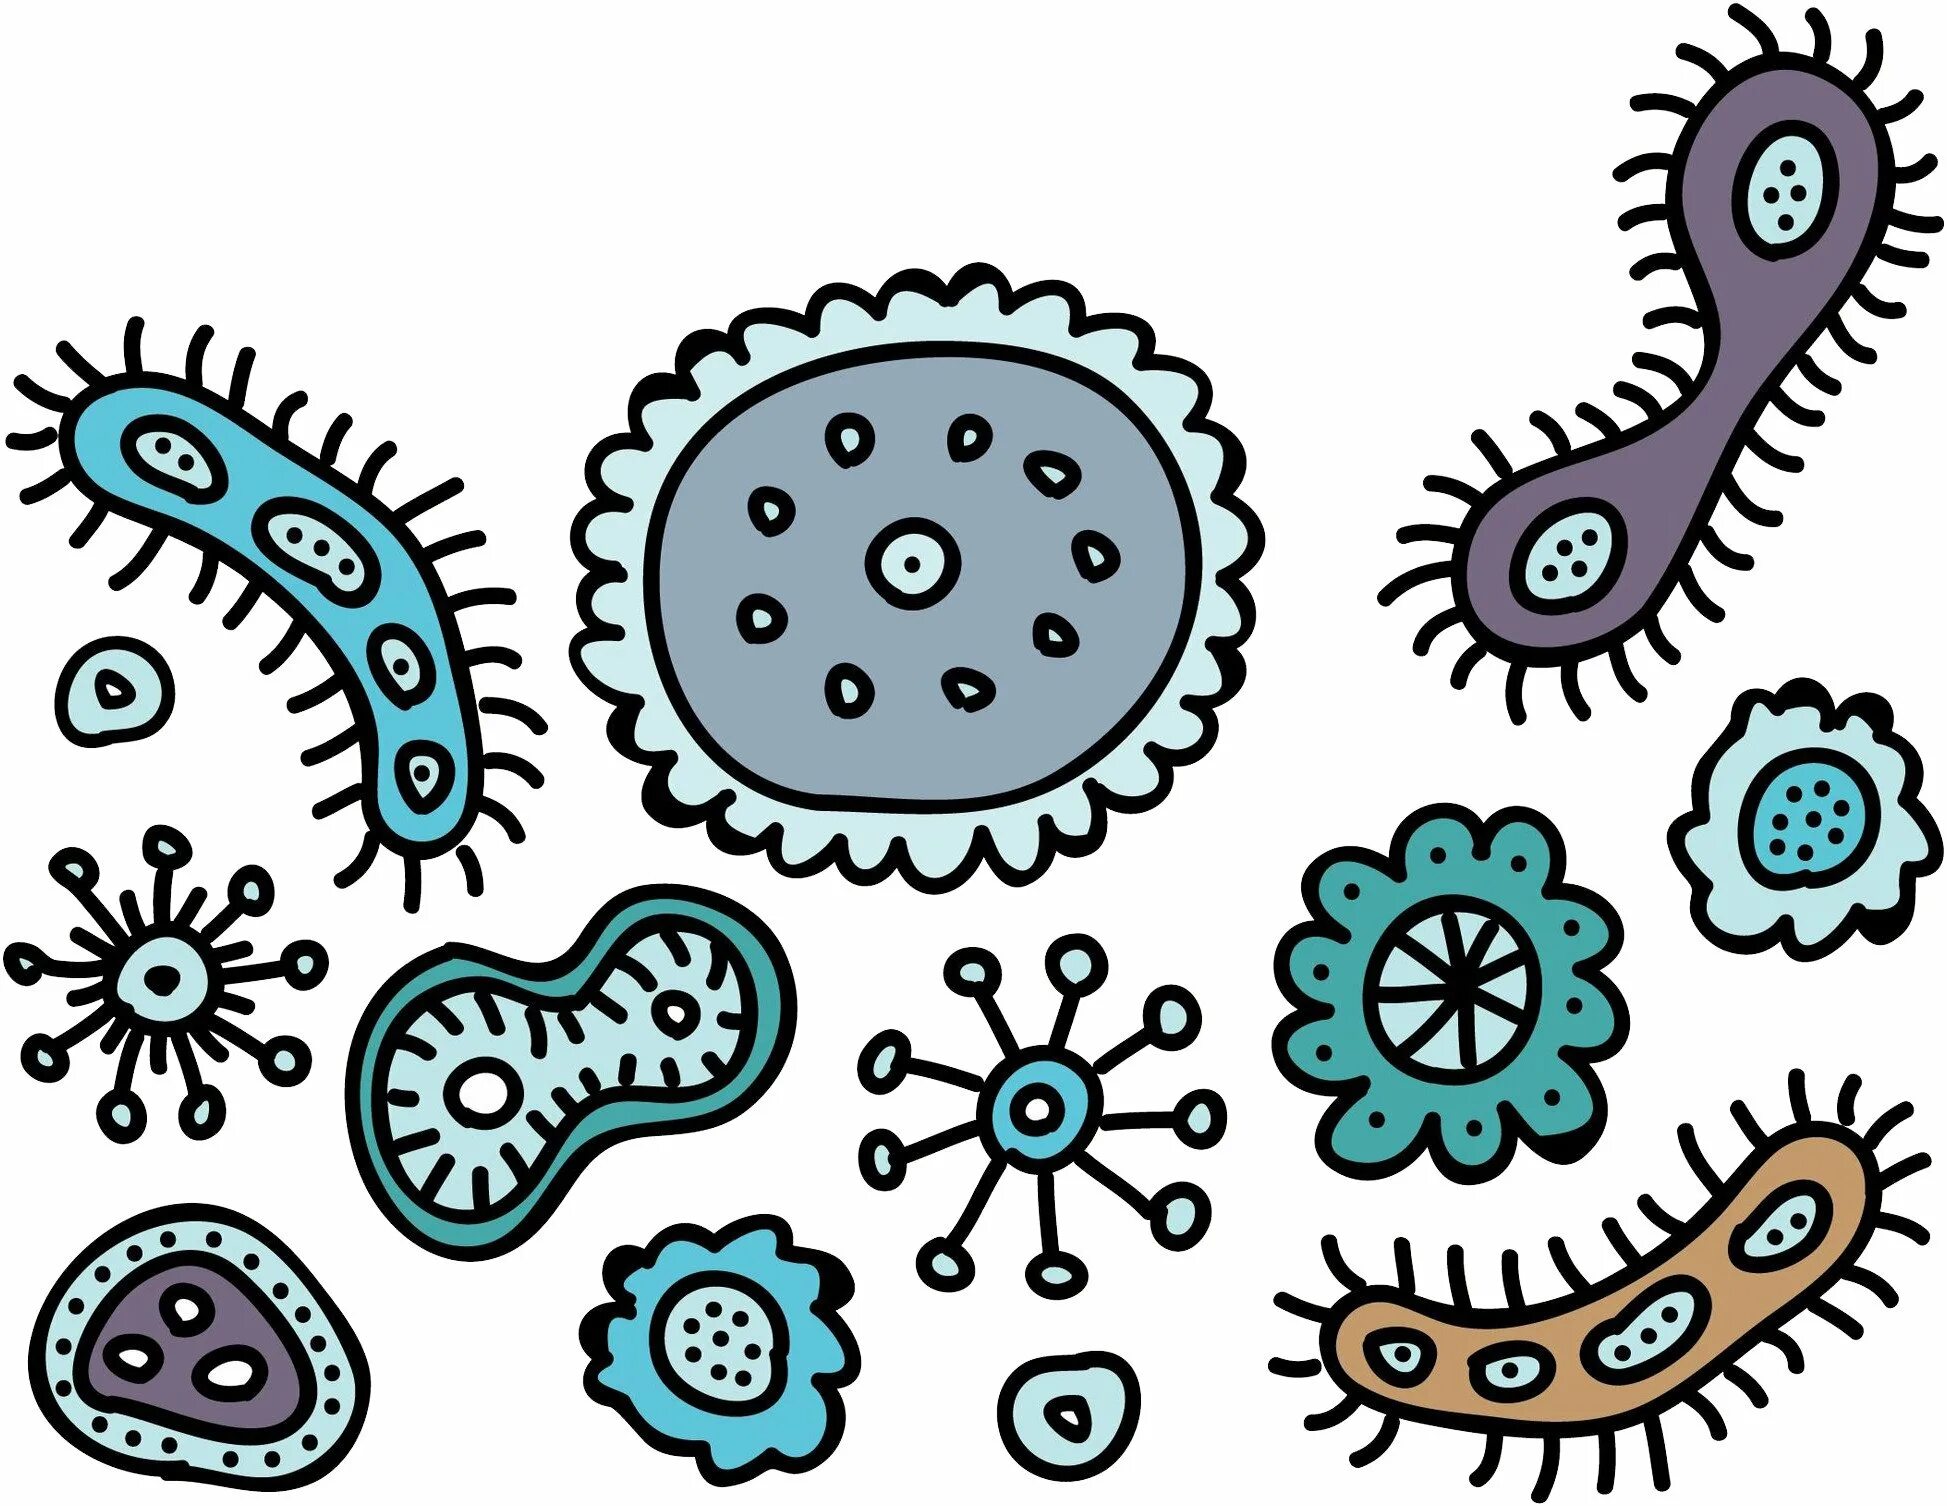 Бактерия 1 играть. Бактерии рисунок. Бактерии фон. Бактерии карандашом. Микробы картинки.
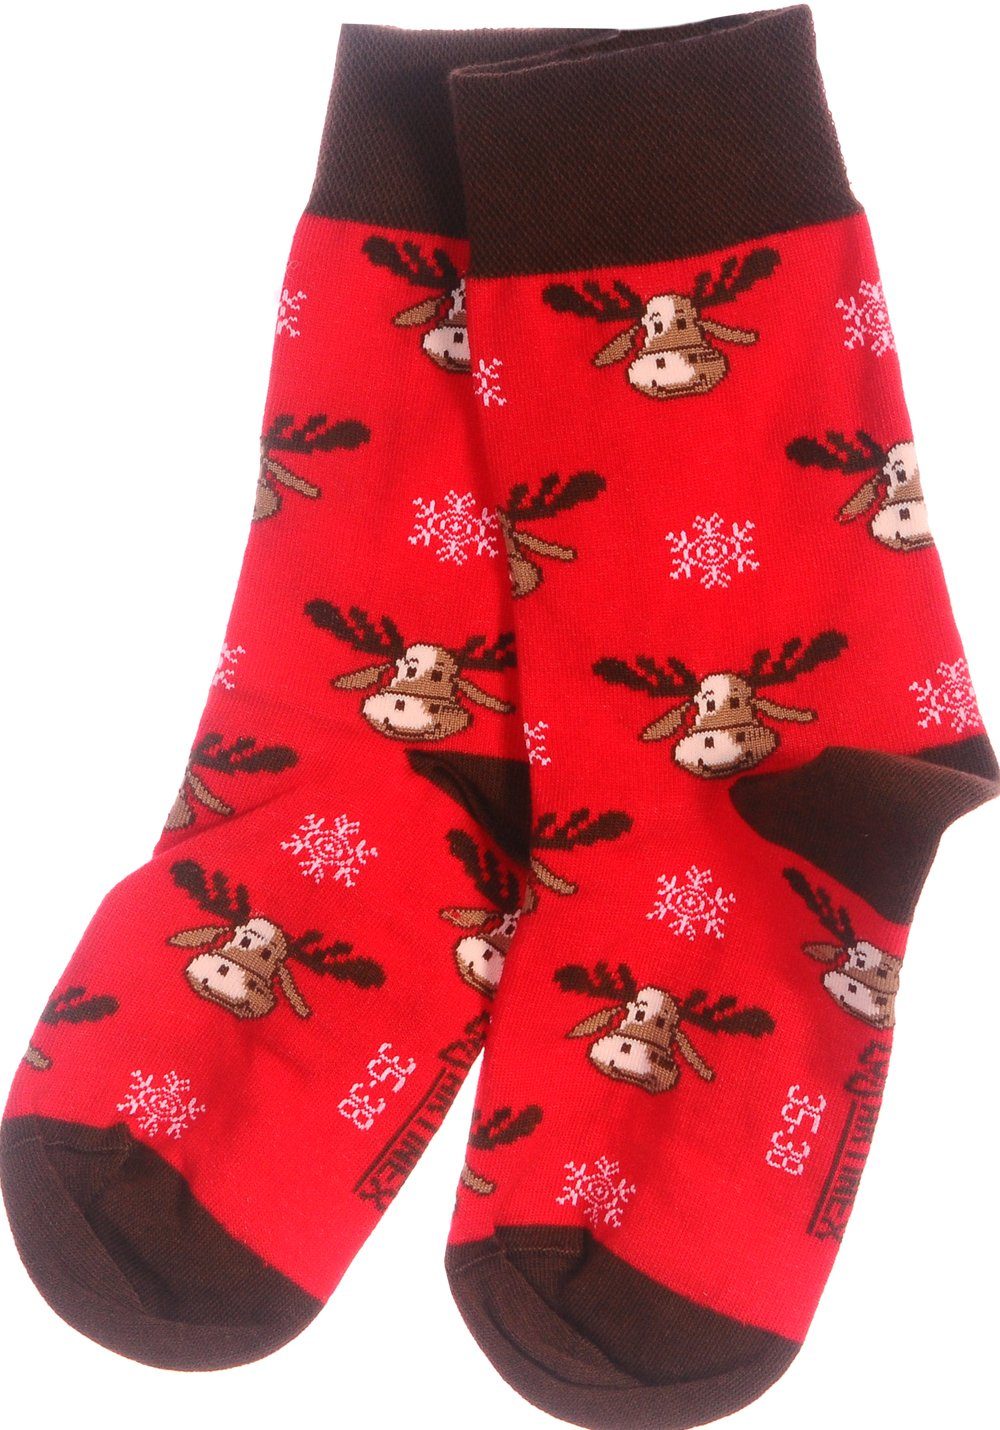 Martinex Socken 1 Paar Socken Strümpfe 27 31 35 38 39 42 43 46 Weihnachtssocken für die ganze Familie
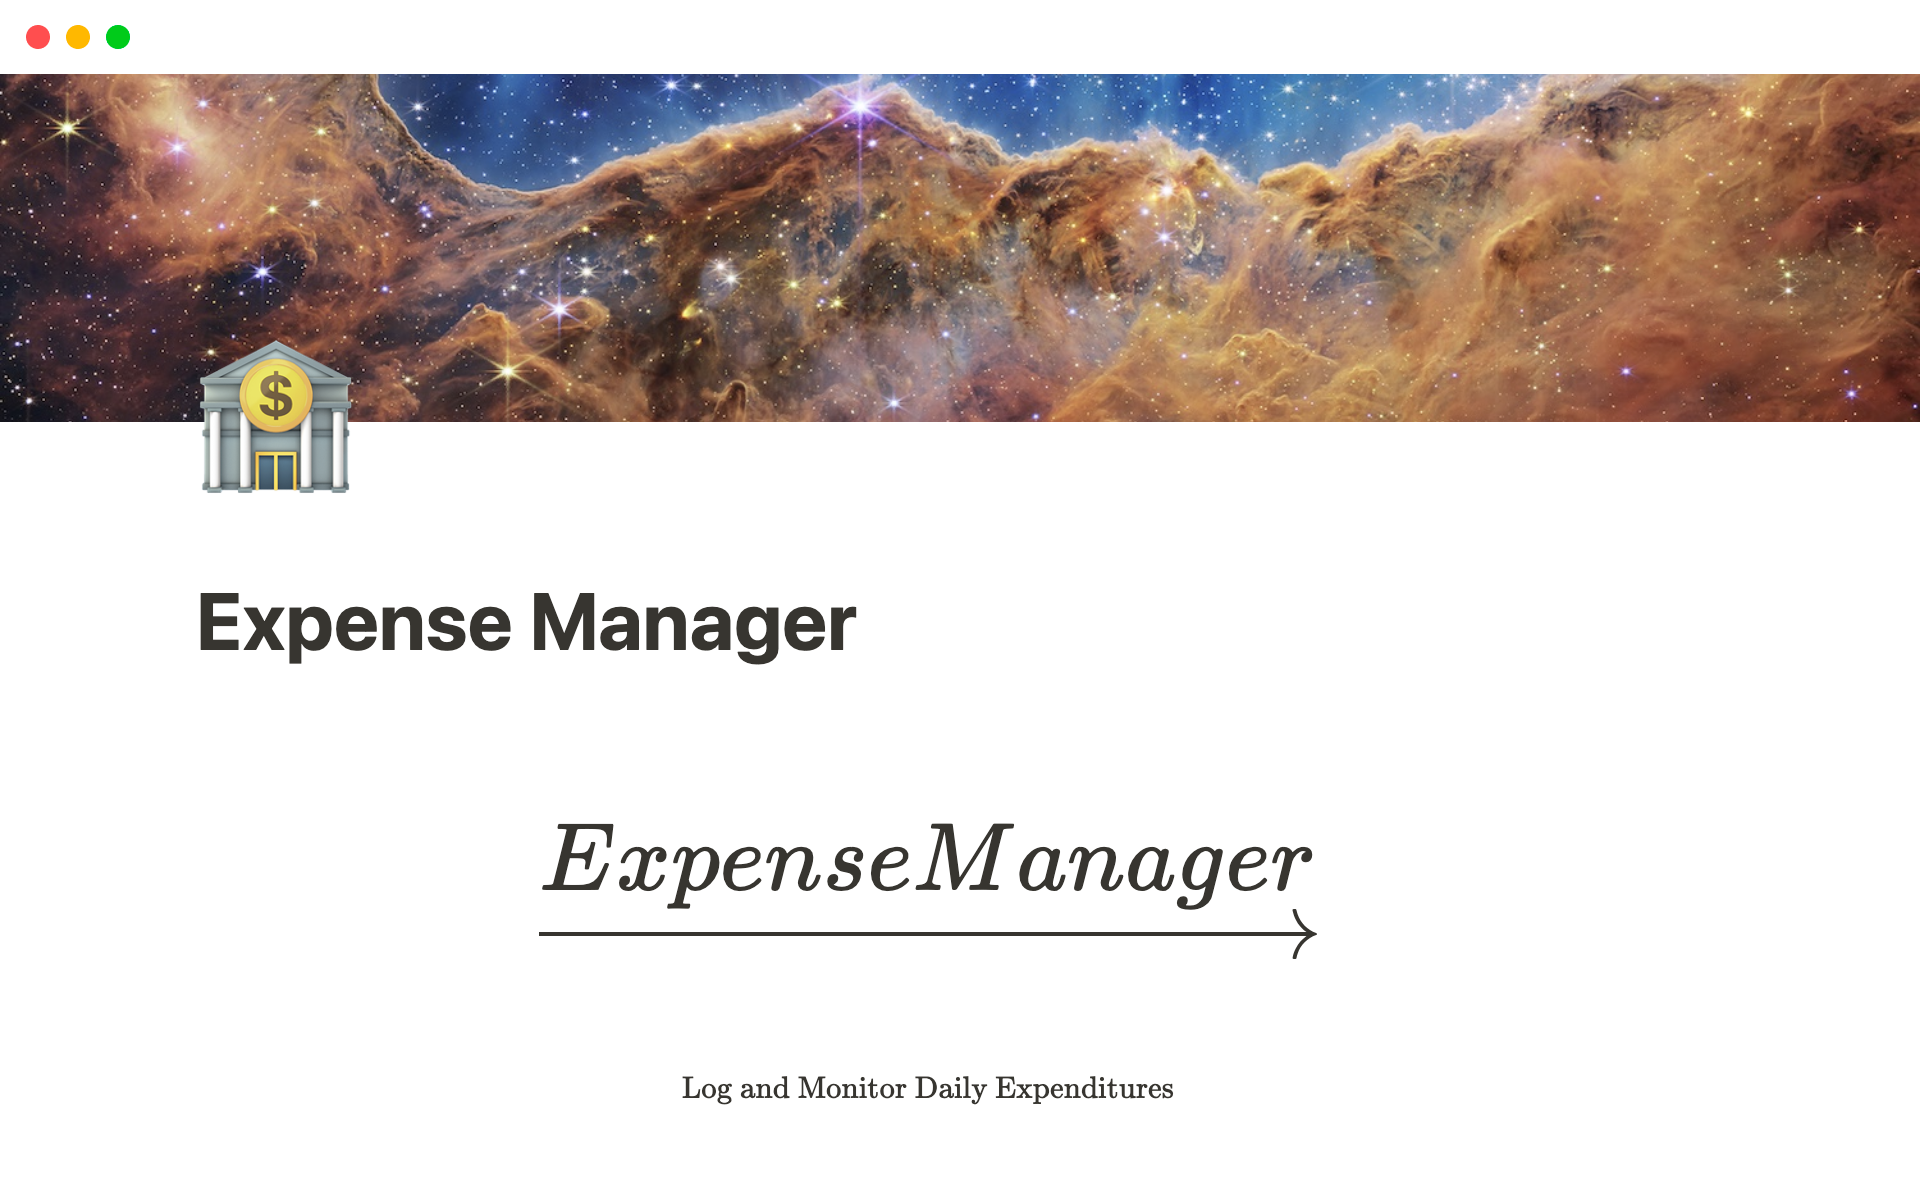 Uma prévia do modelo para Expense Manager
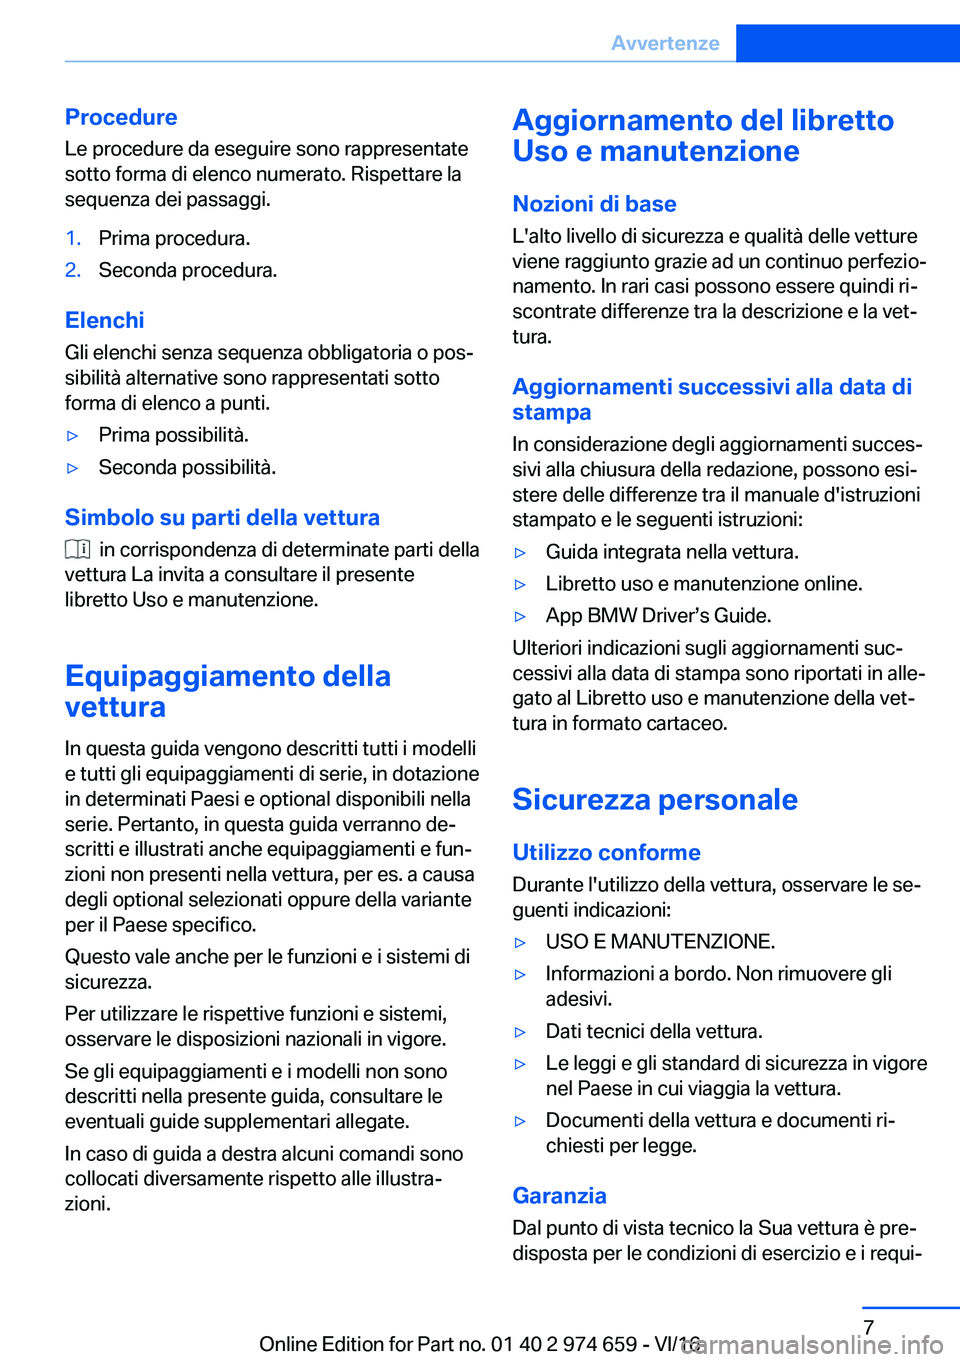 BMW M2 2017  Libretti Di Uso E manutenzione (in Italian) �P�r�o�c�e�d�u�r�e�L�e� �p�r�o�c�e�d�u�r�e� �d�a� �e�s�e�g�u�i�r�e� �s�o�n�o� �r�a�p�p�r�e�s�e�n�t�a�t�e�s�o�t�t�o� �f�o�r�m�a� �d�i� �e�l�e�n�c�o� �n�u�m�e�r�a�t�o�.� �R�i�s�p�e�t�t�a�r�e� �l�a�s�e�q

What to produce: In the reply, every line of the material above is to be reproduced verbatim, and the images are to be left out.

Expected answer:
 Бактерия 1 играть. Бактерии рисунок. Бактерии фон. Бактерии карандашом. Микробы картинки.
 Martinex Socken 1 Paar Socken Strümpfe 27 31 35 38 39 42 43 46 Weihnachtssocken für die ganze Familie
 Uma prévia do modelo para Expense Manager
 BMW M2 2017  Libretti Di Uso E manutenzione (in Italian) �P�r�o�c�e�d�u�r�e�L�e� �p�r�o�c�e�d�u�r�e� �d�a� �e�s�e�g�u�i�r�e� �s�o�n�o� �r�a�p�p�r�e�s�e�n�t�a�t�e�s�o�t�t�o� �f�o�r�m�a� �d�i� �e�l�e�n�c�o� �n�u�m�e�r�a�t�o�.� �R�i�s�p�e�t�t�a�r�e� �l�a�s�e�q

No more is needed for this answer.